Zimbabwe not likely to benefit from its vast mineral resources because of patronage politics

Zimbabwe not likely to benefit from its vast mineral resources because of patronage politics

Zimbabwe is not likely to benefit from its abundant mineral resources because of patronage politics, outdated legislation and regulatory  gaps, a United States private think-tank, Stratfor says.

The situation is not likely to improve any time soon as Zimbabwe President Emmerson Mnangagwa is likely to win the coming elections and will maintain the system.

A British think-tank funded by a South African organisation says Mnangagwa will be beaten by Citizens Coalition for Change leader Nelson Chamisa.

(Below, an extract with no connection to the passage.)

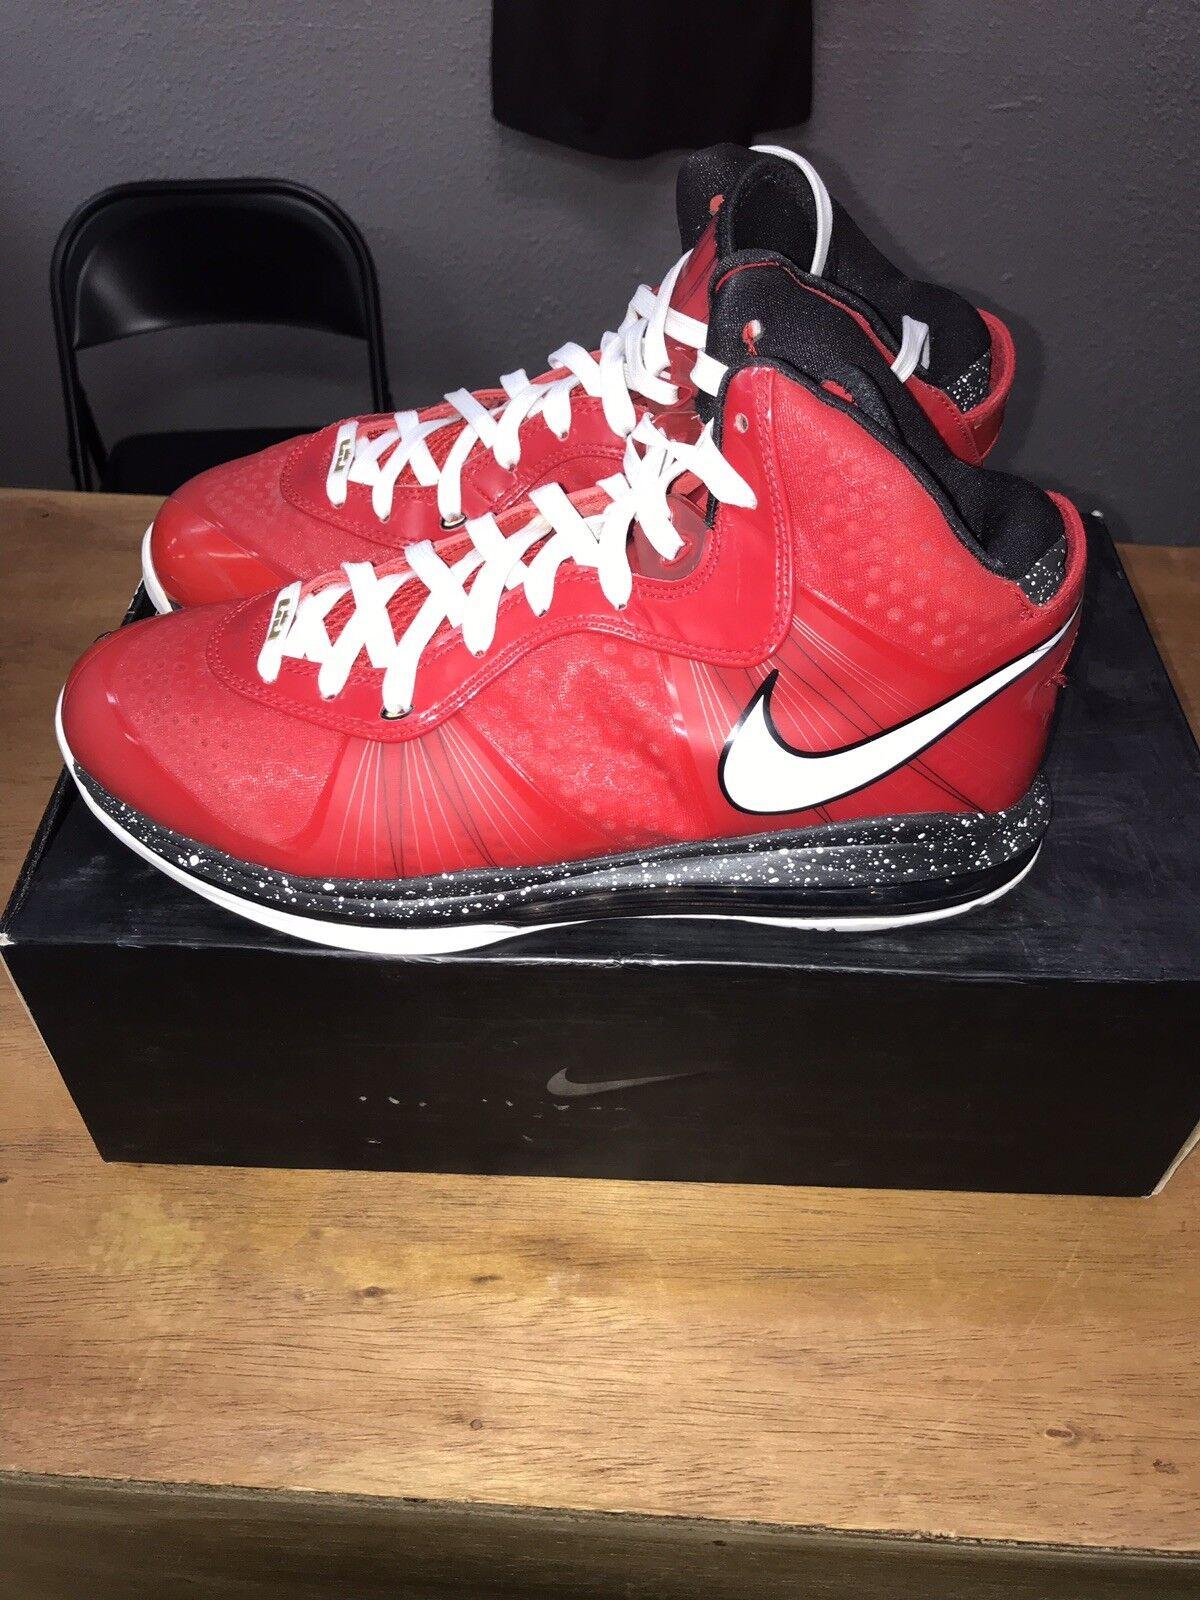 timeless design c8f15 fdc06 Lebron 8 Christmas Size 11 V2 Nike Basketball Basketball Basketball shoes  92a672

Zimbabwe holds the largest lithium deposits in Africa and the fifth-largest in the world. The country is also home to the world’s third-largest platinum deposits, along with large deposits of other high-value mineral resources like gold, chrome, coal and diamonds, Stratfor says.

“Mnangagwa will likely secure another term in Zimbabwe’s presidential election later this year, which means that mismanagement of the mining sector will probably persist despite the recent reforms, thereby limiting the country’s access to the global market and perpetuating the country’s economic crisis,” it says.

Full report:

Despite Abundant Resources, Zimbabwe’s Mining Sector Will Remain Unsteady

Despite recent government commitments to reform, Zimbabwe’s mining sector will likely remain crippled by patronage politics, outdated legislation and regulatory gaps, which will continue to constrain the country’s economic outlook and restrict the extraction of some of the world’s most valuable minerals. Zimbabwe, a small country of about 16 million people in southern Africa, holds some of the largest mineral resources on the continent. Its political leaders, however, have failed to build a flourishing mining industry — a trend that will likely continue under President Emerson Mnangagwa, despite his new push to boost the sector’s profitability. Over the past year, Mnangagwa and the ruling Zimbabwean African National Union-Patriotic Front (ZANU-PF) have introduced new legislation to support the president’s goal of increasing mining revenues to US$12 billion in 2023 — a nearly US$8 billion increase from 2022. In July, the government announced it would raise royalty rates on platinum producers and introduce royalties for lithium miners from Jan. 1 in an effort to boost revenue and formalize government fees. In December, the government then banned all lithium exports without explicit state permission in an attempt to clamp down on illegal smuggling (which the government says has cost it US$1.8 billion in lost revenue). Mnangagwa and ZANU-PF are particularly focused on lithium (a key component in the batteries used to power electric vehicles), given high global demand, anticipated price increases and Zimbabwe’s large deposits of the mineral. But without structural changes to the mining sector and institutional changes to the government, Zimbabwe will fail to reap the full potential of its abundant mineral reserves.